My best piece of advice is..even though you hate it..please go. Your parents are right that it only gets worse. I learned that the hard way..and now I am facing full extraction and upper and lower dentures. I lose all my natural teeth on July 7th. While I look forward to finally having a smile I can be proud of (I haven't really smiled in years) ..I morn the loss of all my real teeth. I truly regret that I didn't face my fears YEARS ago so that I could have gotten the dental work I needed before it was too late. :shame: Please don't make my mistake. :XXLhug:
 
Clare, I've just started going back to the dentist after about 25 years of no dental care. Believe me, it would have been so much easier to deal with my teeth while they could still have been treated by fillings than now where I have lost many teeth and have had to get several crowns.

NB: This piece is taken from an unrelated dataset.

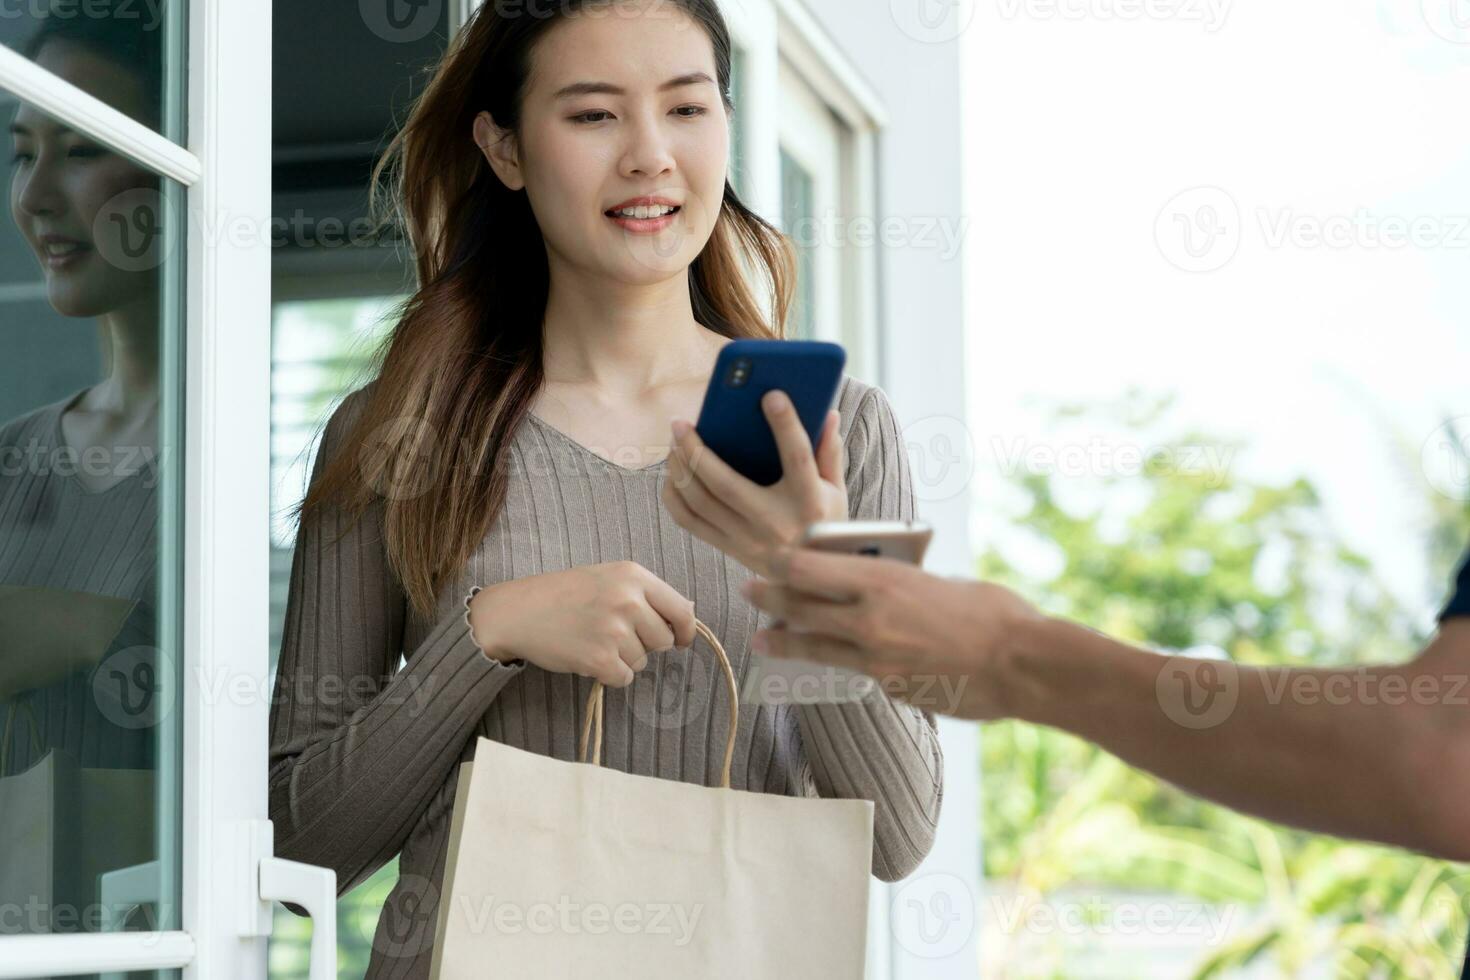 asiatische Frau mit glücklichem Lächeln scannt den QR-Code für die Bezahlung des Essens. lieferbote senden liefern express. Online-Shop, Papierbehälter, Imbiss, Postbote, Lieferservice, Pakete, elektronisches Geld, digitale Überweisung foto

Everyone here is in your corner. We know how tough it is to deal with a dental phobia, and we are all here when you need us. Good luck to you.
 
Reading your replys makes me have tears of fear .... all of you have the same feelings that i have when going ... even reading your support does help but the easy door of not doing anything seems to be better .... i dnt have a clue what door to go down at all .... i dnt smile at all when i do its not showing my teeth!!! ;D
i am 19 this month seeing that we have just gone into june .... i dnt live the life of a 18 year old as i dnt have that confidence and i do think this is because of my teeth... tbh i would say my life is boring if i go to the dentist its another 2 years or more like this with braces seeing that he has said this is the best rote to go down .... i wil be 21 and i just think do i really want this fair enough i have the rest of my life.... in total honesty i have issues as well i find life so hard there is just always an obstical you have to pass to get to the other and this obstical i dnt want to as i really dont think i could do it .... my mum and dad i think they have had enough of this now really they cant make me do it ... i have a lump in my throte yet i am no where near a dentist its just so hard :/ .... i do wish i could sort this fear out but some how i do find it impossible :/
sorry to just be so down bt this is how it is with me with this subject
claire
thanks again :)
xxx
 
Go for it! If you've got the chance to get the work done please do it. The time will go so quick and at the end you'll have such a pretty smile. And feel proud of yourself for getting through something you didn't want to do. Imagine having that to look forward to? If you do nothing - well - you'll probably still feel just like you feel now...

You'll get all the support you need around here.